如何获取 python 中两个 xml 标签之间的全部内容?-尊龙凯时

尊龙凯时

用户注册

投稿取消

文章分类:

还能输入300字

上传中....

问题描述

我尝试获取打开的 xml 标记和它的关闭对应项之间的全部内容.

i try to get the whole content between an opening xml tag and it's closing counterpart.

像下面的 title 这样直接获取内容很容易，但是如果 mixed-content 被使用，我想保留内部标签?

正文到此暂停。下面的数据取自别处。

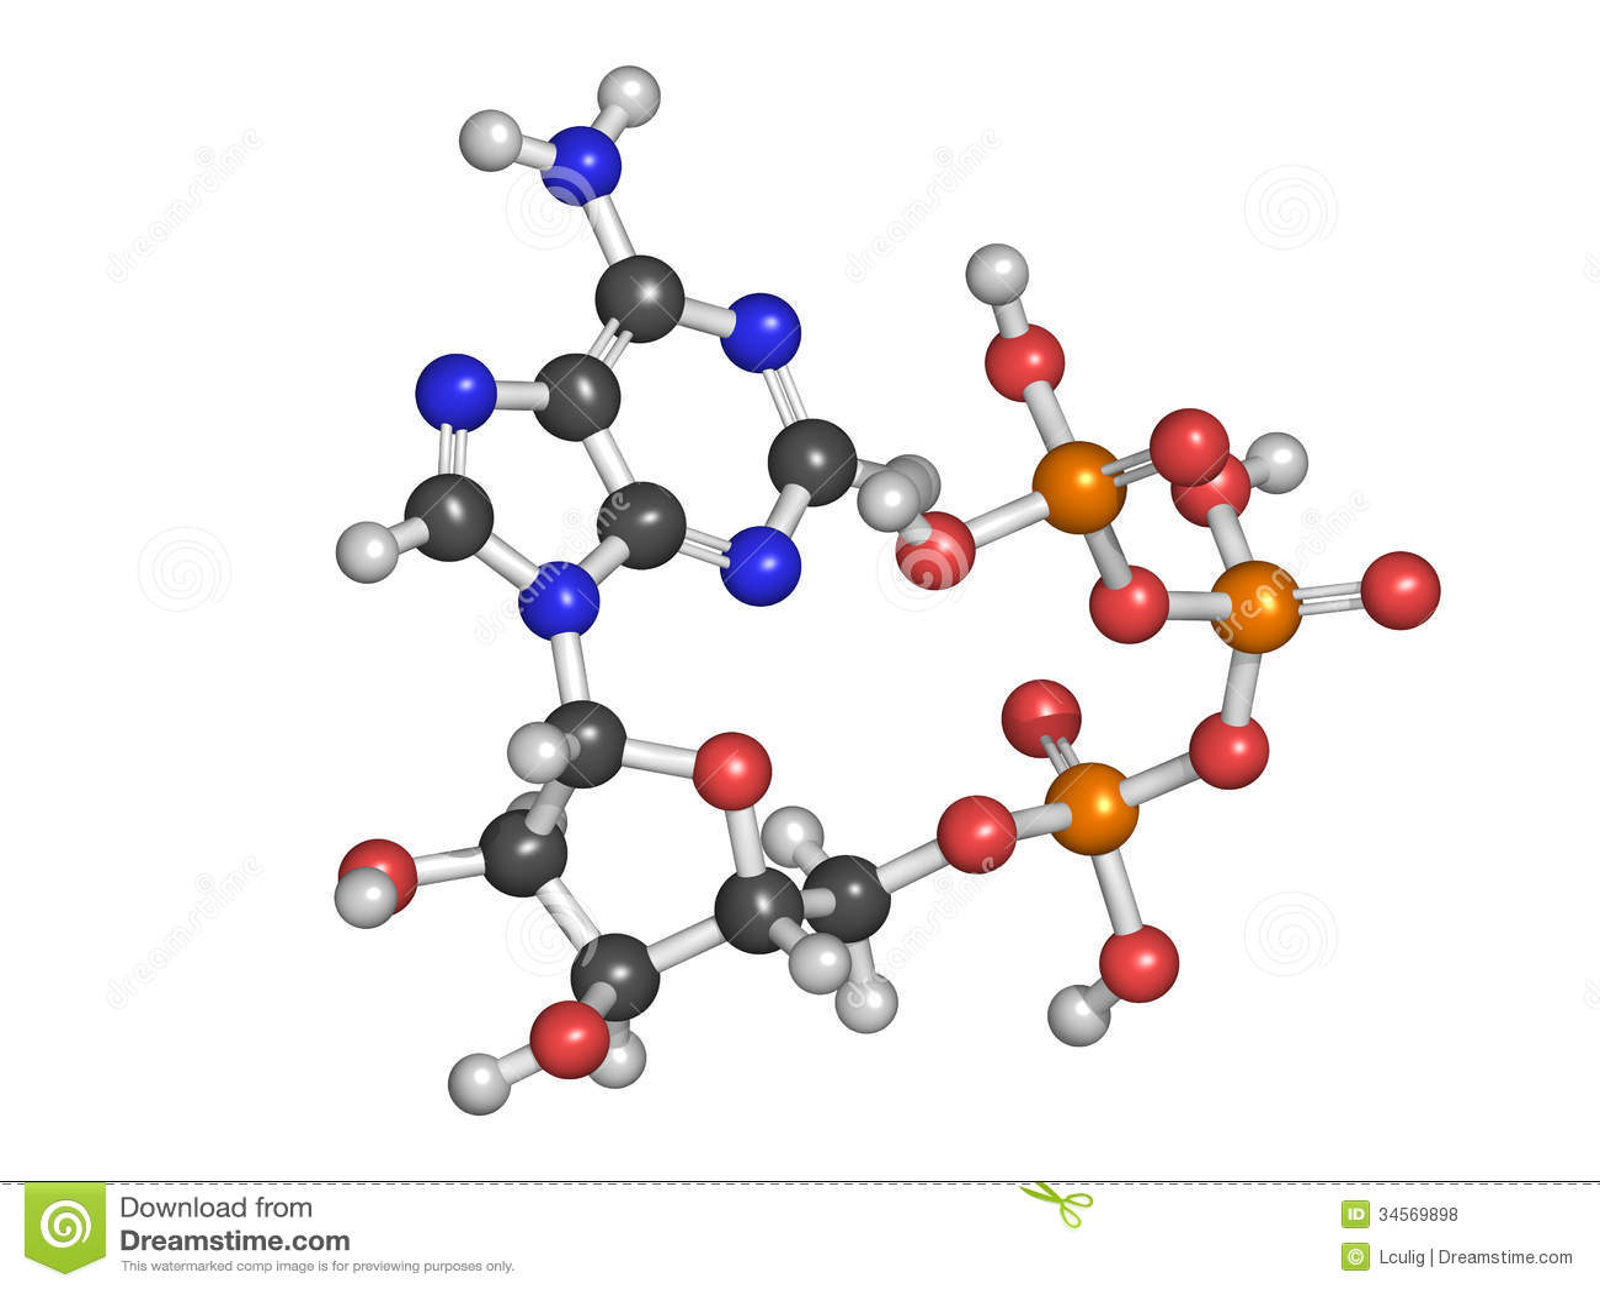 diagram of the atp molecule stress strain diagrams for engineering materials adenosine triphosphate energy transport
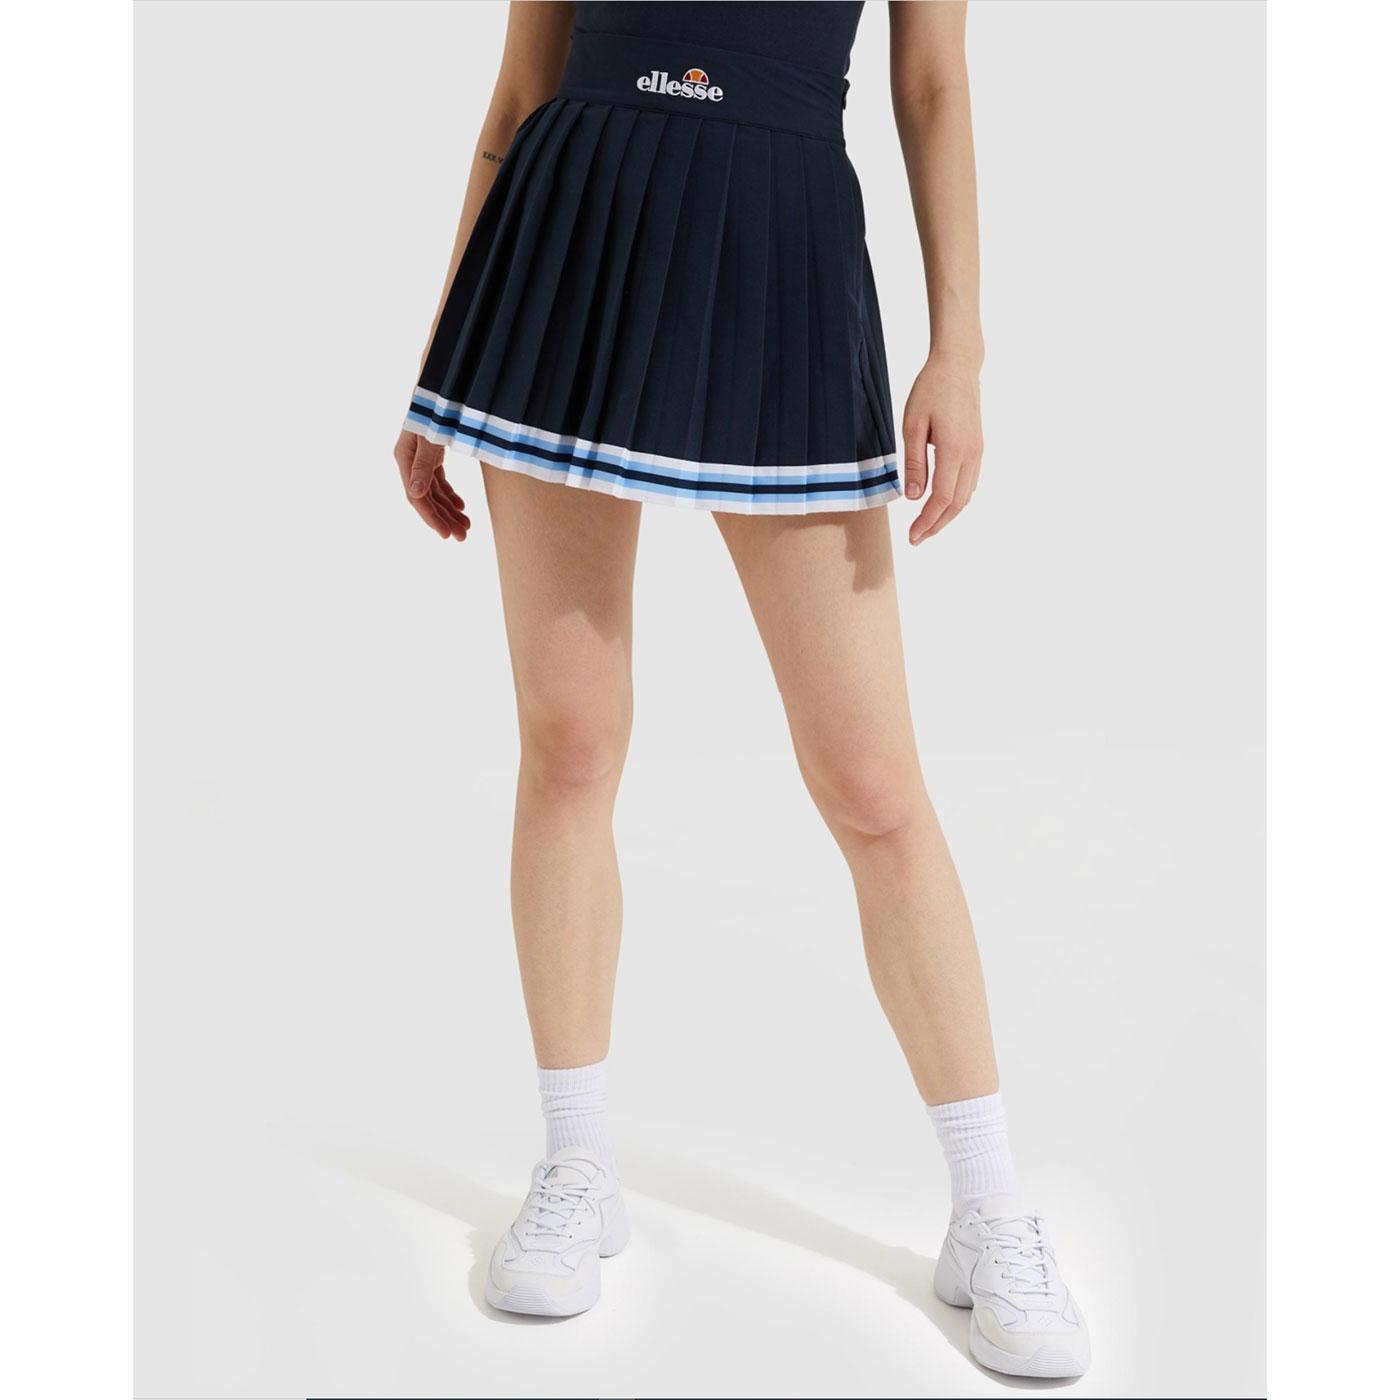 Skate ELLESSE Retro Pleated Tennis Mini Skirt N

getting the content in straight cases like title below is easy, but how can i get the whole content between the tags if mixed-content is used and i want to preserve the inner tags?



  some testing stuff
  some text with data in it.
  it spans multiple lines: one, two 
  or more.

我想要的是两个text标签之间的内容，包括任何标签:some text with data在里面.它跨越多行:one、two或更多.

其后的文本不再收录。